When services become unavailable, clients often resort to multiple unsuccessful retries before ultimately giving up, resulting in outsize SLA violations. Traditionally, engineers tried to avoid this from happening by specifying various levels of timeouts. A more intelligent approach, however, is to “circuit-break” the service, i.e., flag the service as unavailable for all clients and only re-engage it (“close the circuit”) when the service becomes available again. Note that circuit breaking can be a developer as well as an operational concern. As an operational pattern, circuit breakers are crucial tools in ensuring the overall Quality of Service levels.
In chaos engineering, fault injection is the practice of intentionally injecting communication errors or other faults such as unexpected delays, payloads or protocol responses into a service interaction. Depending on the type of fault that is to be injected, this is typically achieved by modifying the service logic. A much cheaper approach, however, is to use a cloud traffic controller such as Glasnostic that is able to inject faults directly and at any time into arbitrary communication stream. Fault injection testing can reveal issues related to service availability, the ability to communicate useful information or gracefully recovering from a failure.
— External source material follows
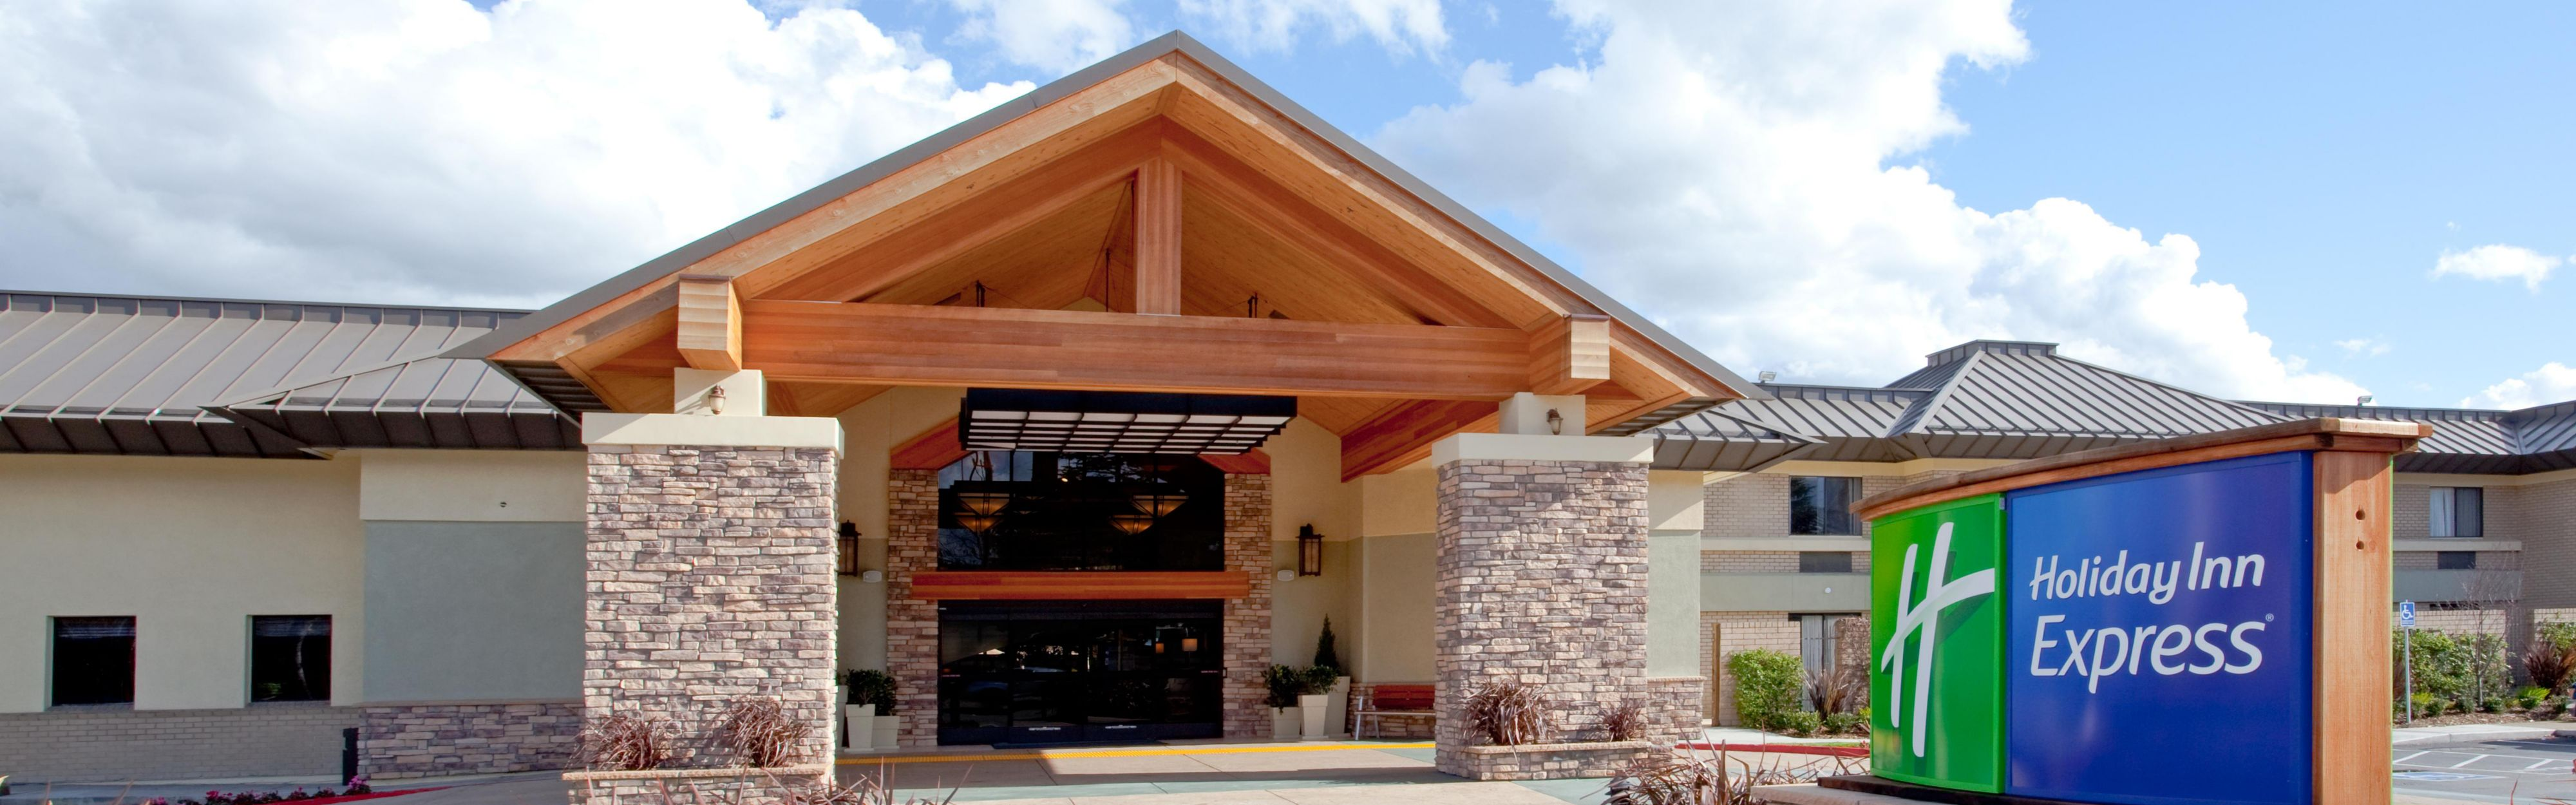 Holiday Inn Express Walnut Creek image 0

When machines (or automation in general) is left to operate autonomously, small issues can compound in non-linear ways and thus quickly escalate to catastrophic events. The governor operational pattern is applied at critical junctions to allow for human oversight. Human pattern recognition is a powerful antidote to machine-generated chaos when provided with the right amount of visibility and immediate control.
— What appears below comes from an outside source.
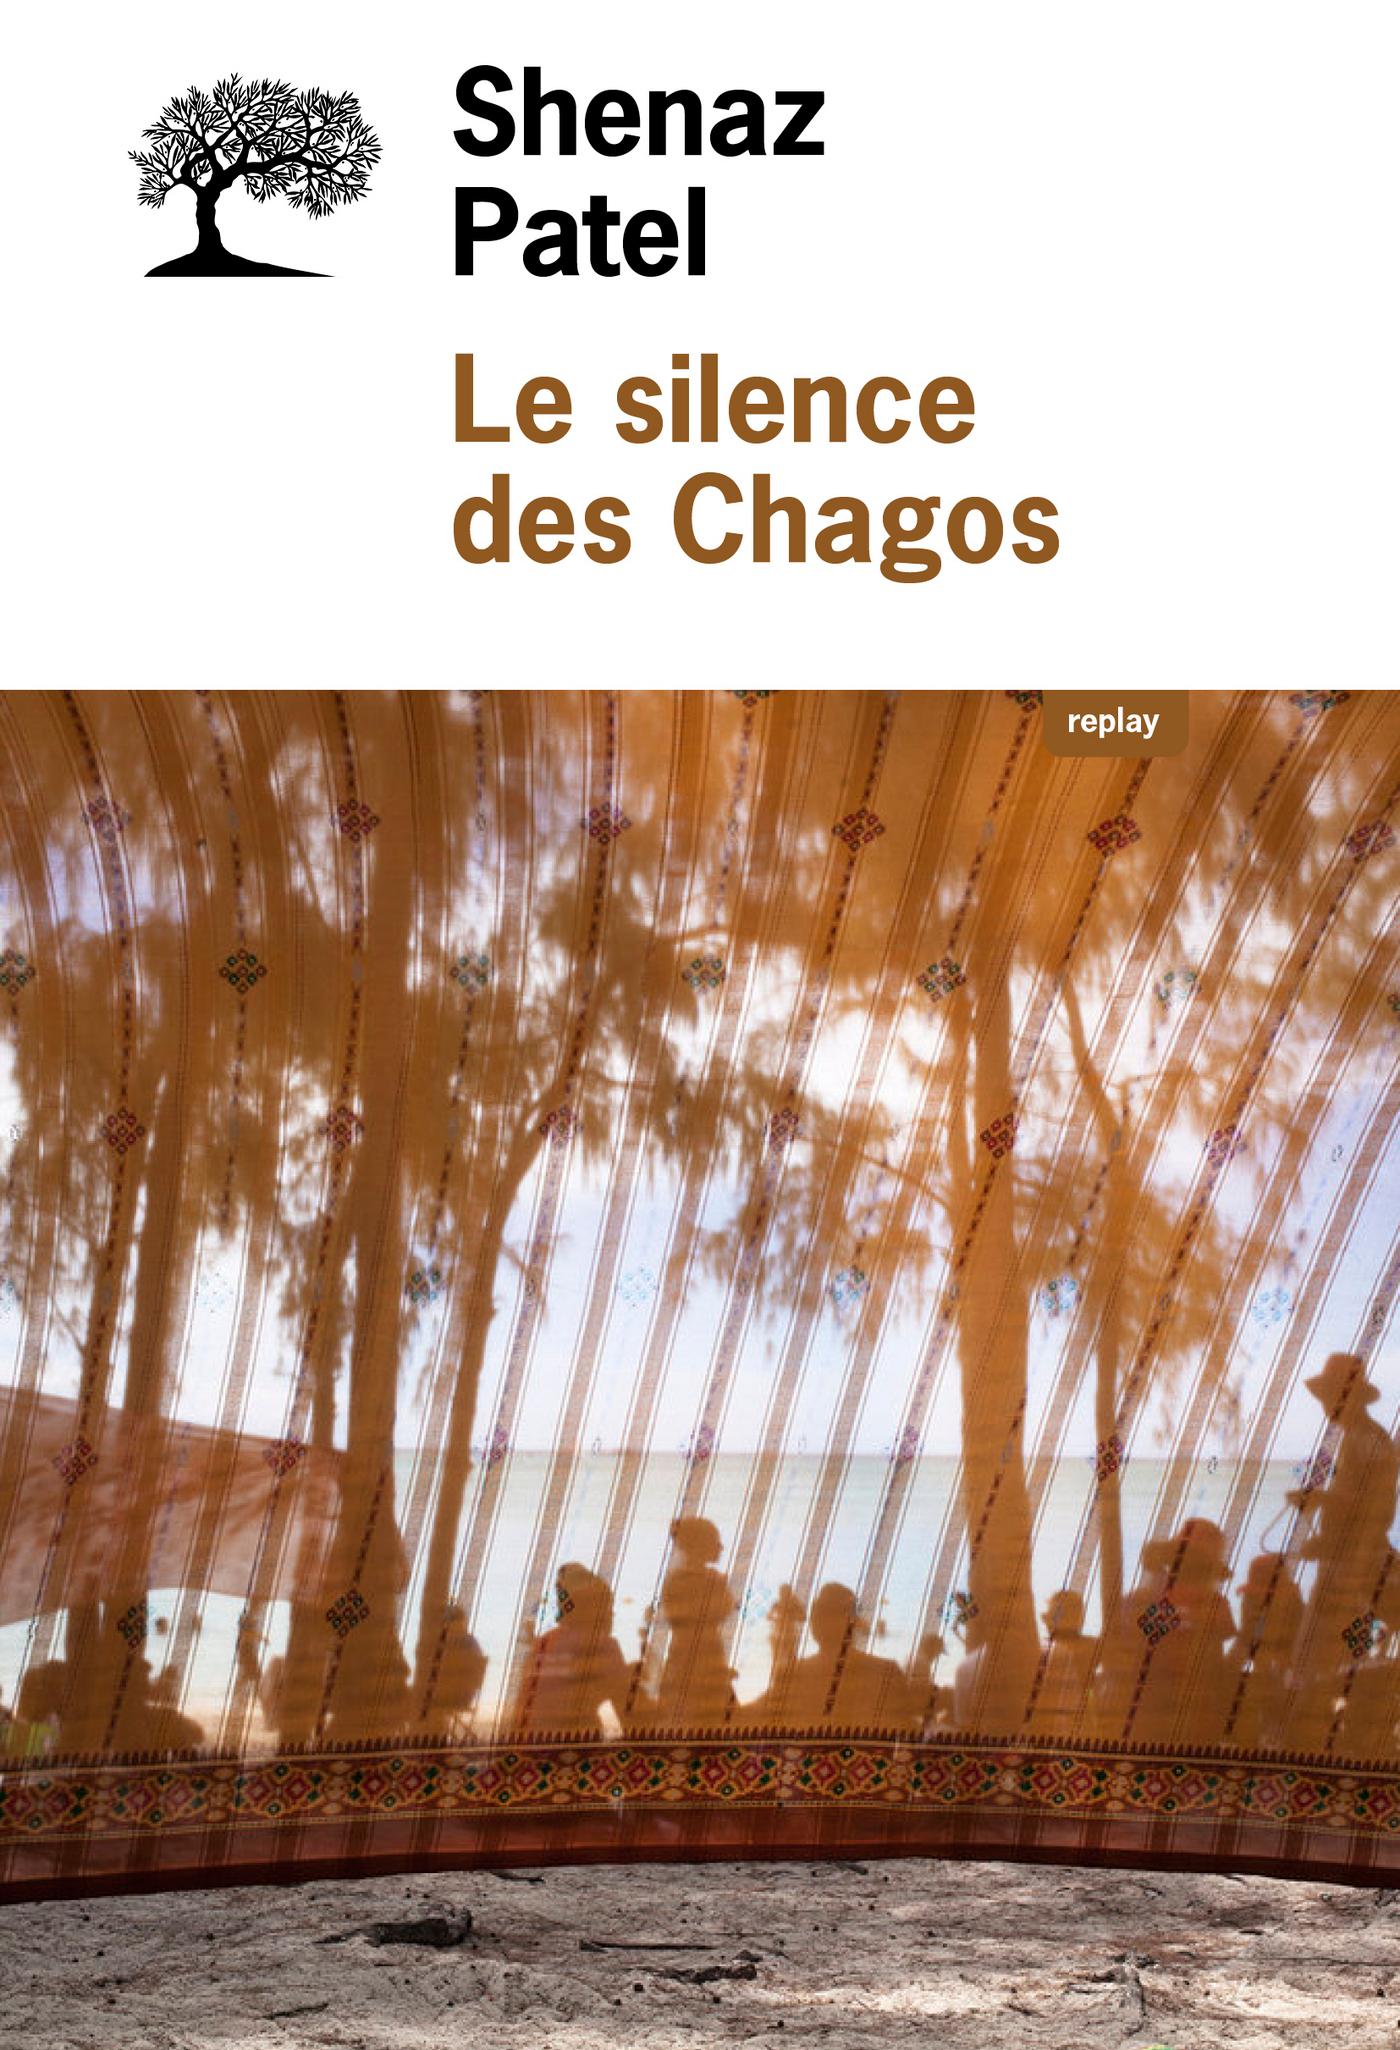 Le silence des Chagos

When faced with sudden performance degradations in critical services—for whatever reasons—it is paramount that operators are able to “shed” load against these services in a granular manner. This may involve temporary policies to drop long-running request, push back on tier-3 service requests, block requests from malicious clients, limit data transfer volumes or the like. Load shedding is a popular operational pattern in availability and denial-of-service (DoS) management.
In the world of Microservices, ensuring quality of service (QoS) means limiting non-essential interactions to provide the best possible networking performance and user experience. The common challenges to QoS when running microservices include having to monitor and manage diverse technology stacks, understand complex and unexpected service interactions, account for constant change and have visibility into hundreds if not thousands of individual components. Quality of service is an operational pattern that combines other patterns such as Backpressure or Circuit Breakers to ensure critical services are available and degrade gracefully under duress.
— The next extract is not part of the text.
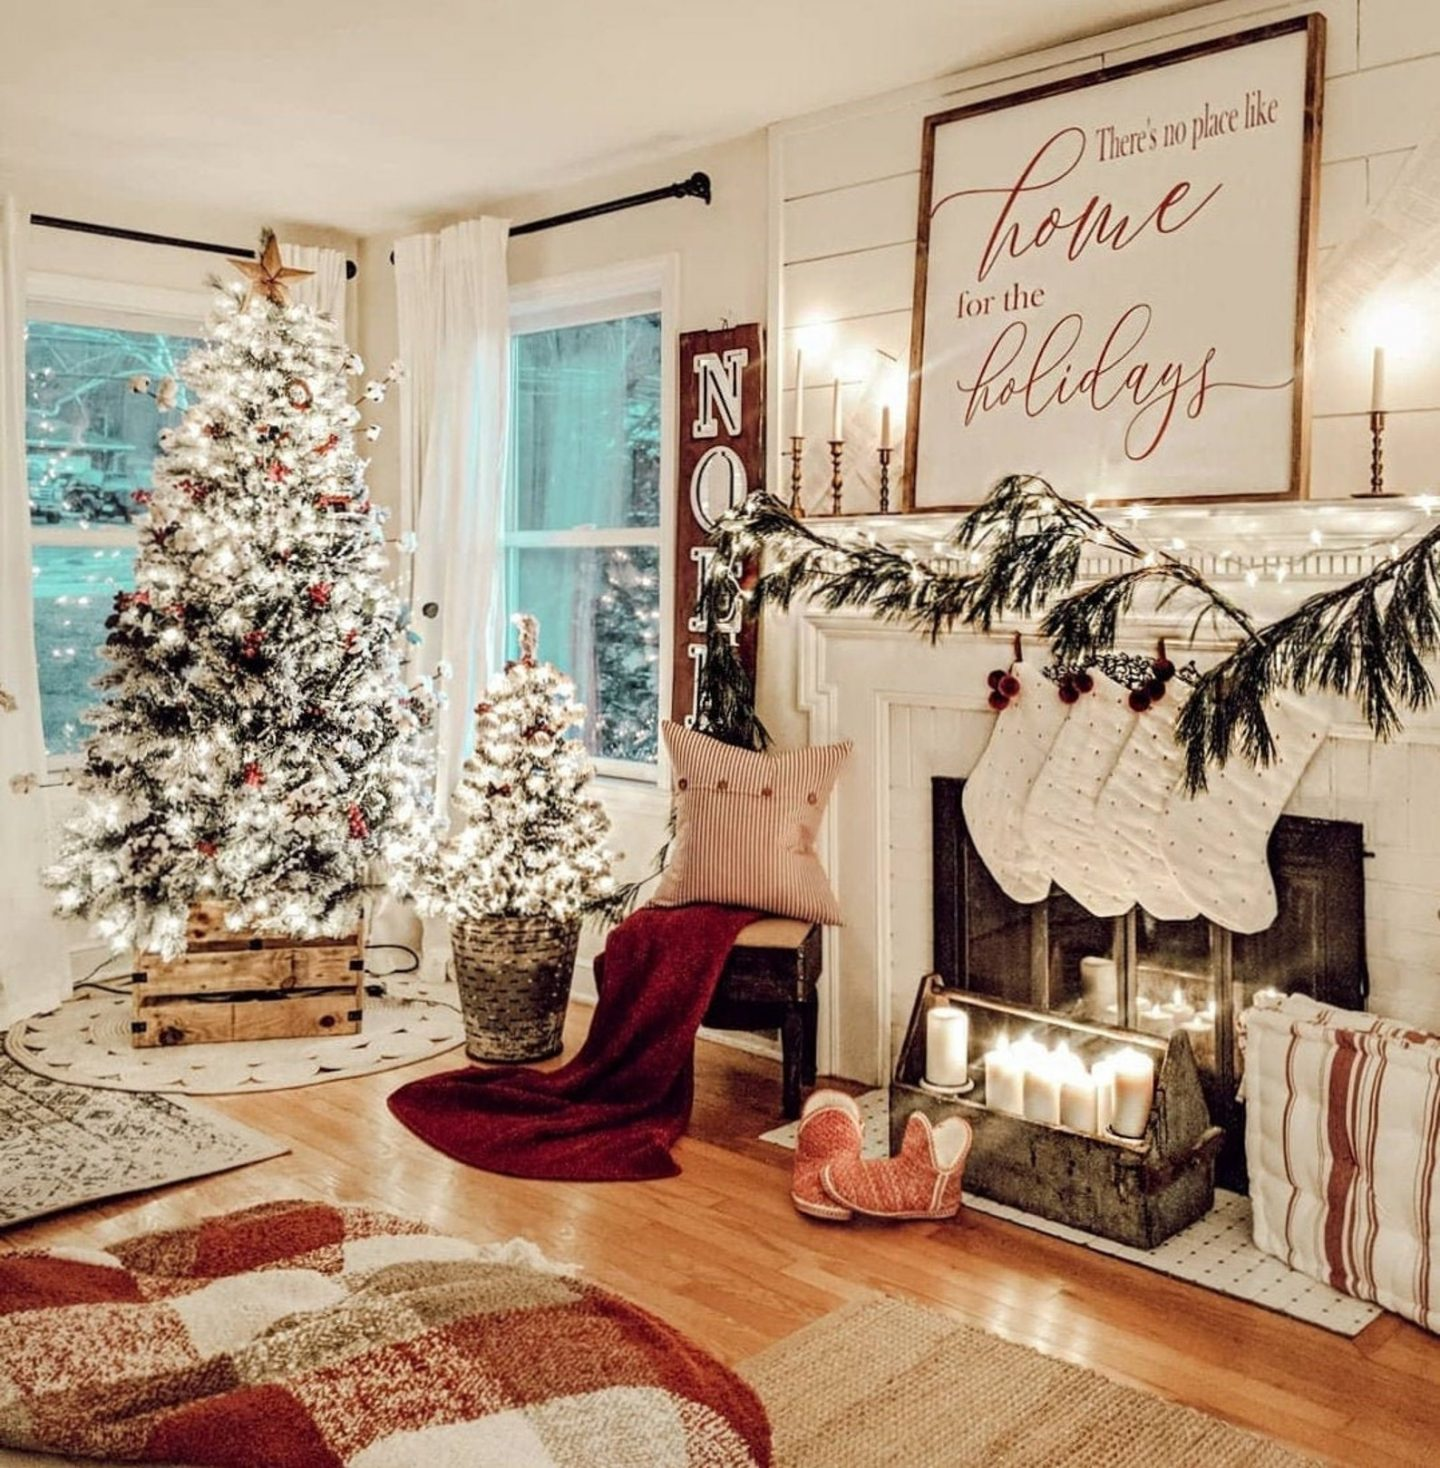 Beautiful Christmas mantel decor with sign

In a large-scale, agile service environment such as an Organic Architecture, it is impossible to stage and test every deployment before it enters the production environment. This is especially true for production environments that make use of continuous deployment pipelines. In such cases, the ability to quarantine (or “ringfence”) unproven deployments is essential to mitigate its associated risks by imposing temporary rate limiting policies on the deployment.
Because Microservices and Service Landscapes are developed by numerous groups and teams independently of each other and in parallel, it is vital for operators to be able to partition the landscape into “segments” with defined ingress and egress points that ensure operational concerns such as security and compliance are always satisfied. Segmentation is an operational pattern that helps ensure that security policies are honored, even in volatile environments.
The Amazon API Gateway is a fully managed service for developers to create, publish, maintain, monitor and secure APIs. If you want to expose AWS workloads as an API, it is worth considering due to its seamless integration with the AWS Management Console.
Consul is a newer addition to the ecosystem of service mesh control planes that works with multi-datacenter topologies and specializes in service discovery. Consul works with a number of Data Planes and can be used with or without other Control Planes such as Istio. It is sponsored by HashiCorp.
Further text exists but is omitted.